Terra suspended all production at the Woodward, OK, plant last November due to soaring natural gas costs and a Midcontinent drought that was expected to negatively impact spring farming. In December, the company also shut down its Yazoo City, MS, facility because of high natural gas costs. That plant remains down. Terra's other three plants in Iowa, Ontario and Tulsa, OK, are operating.
While high gas prices were the major factor impacting the decision to shut down the Woodward facility, Terra spokesman Joe Ewing said drought also had a significant impact. "We've had very little rainfall out there so the farming has been delayed.

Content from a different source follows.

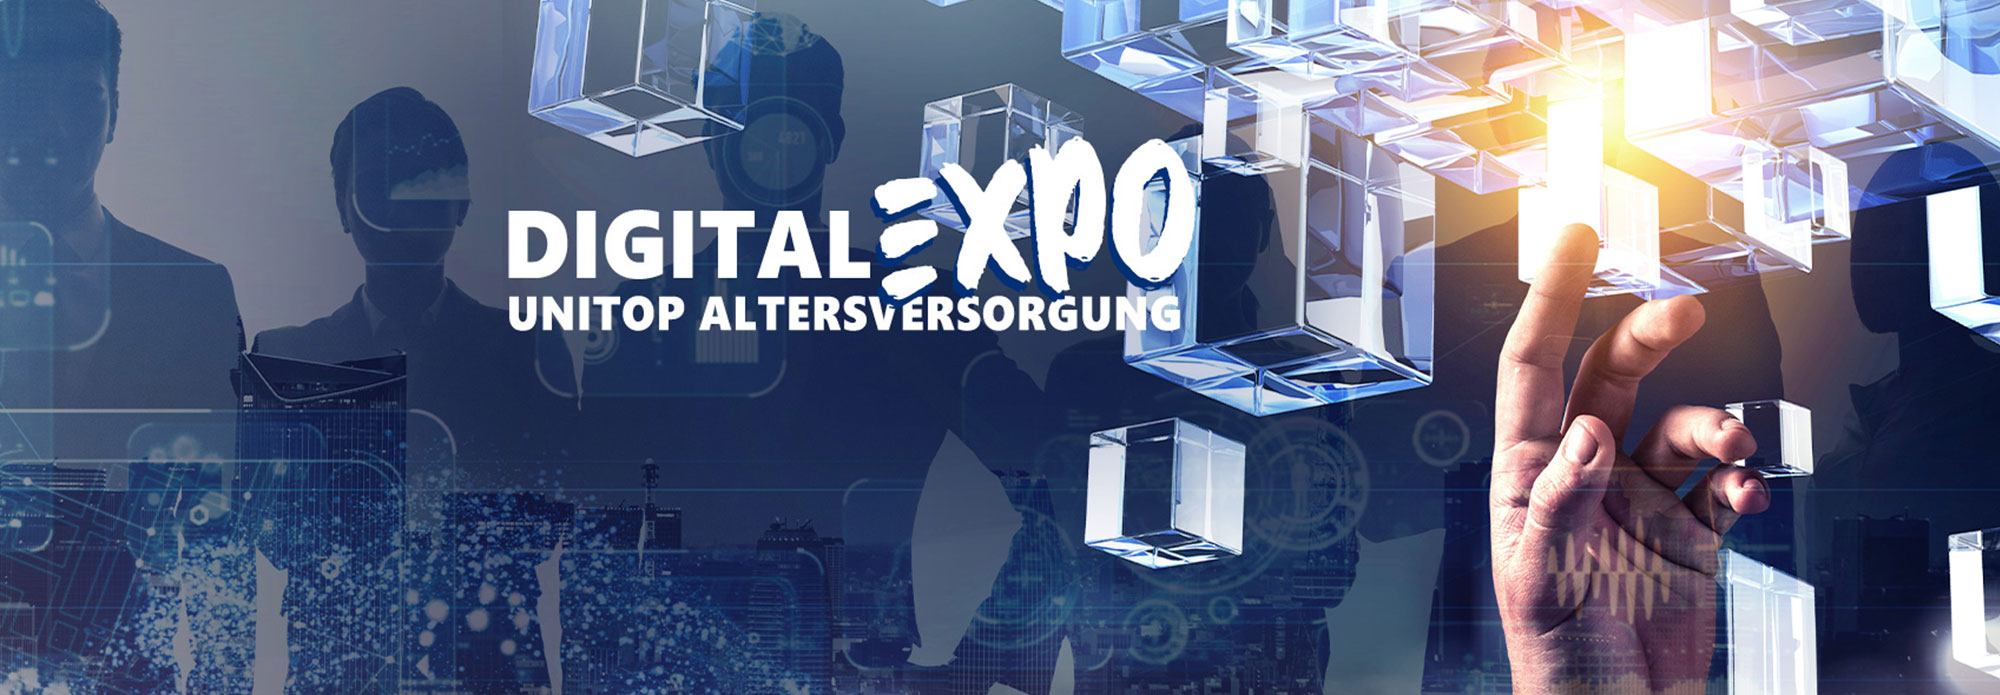 GOB Digital Expo unitop Altersversorgung

"We're still thinking that demand for our products will be off slightly, anywhere from 3% to 7% because of the high prices of inputs to our farmers and what they will get for their crops, particularly corn. The price of corn has been depressed somewhat since the fall," Ewing said. "Farmers have had to pay higher prices for fuels, fertilizer, irrigation, all those things. A lot of them use natural gas for irrigation.
"We think the demand from planting will be off a bit this year. But we've taken some product out of the production cycle, so we think maybe inventories are low enough that we'll be prepared for the spring without too much surplus inventory."

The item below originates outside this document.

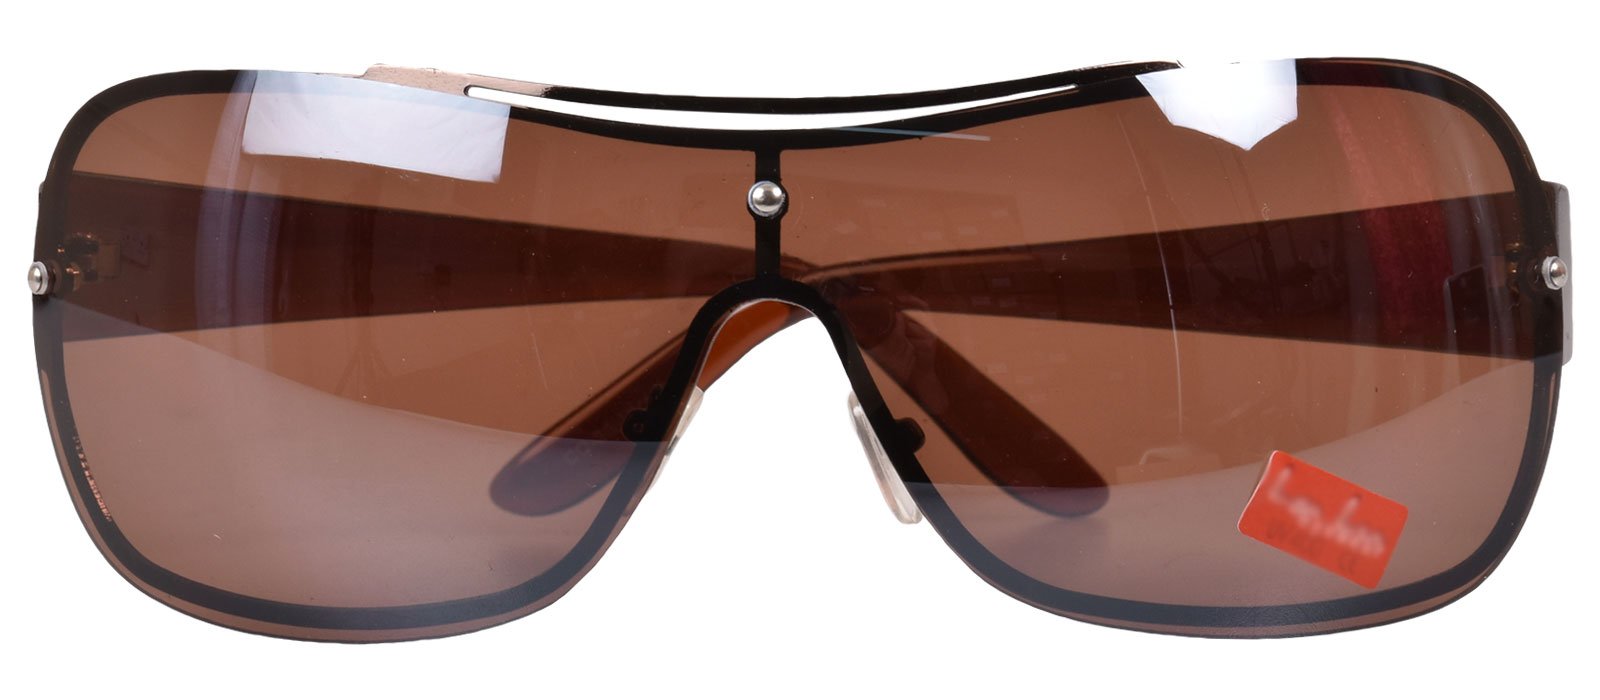 Sunglasses CQ38 Brown

Agrium Inc. also announced last week that weaker gas prices have enabled it to restart production immediately at its Borger, TX, facility and prepare to restart operations in Fort Saskatechan, AB, by mid-February.
Natural gas is a feedstock in ammonia production with the cost of gas making up more than 80% to the total cost of production. It takes about 32-35 MMBtu of gas to produce one short ton of ammonia. Terra's five North American plants typically consume 100 Bcf of natural gas annually. Terra CEO Michael L. Bennett said last year that a $1/Mcf hike in the price of gas adds approximately $14-15 million to the company's gas bill.
According to the Washington, DC-based Fertilizer Institute, since 1998 17 U.S. fertilizer plants have shut down permanently due primarily to high natural gas prices. Five were idled until last week.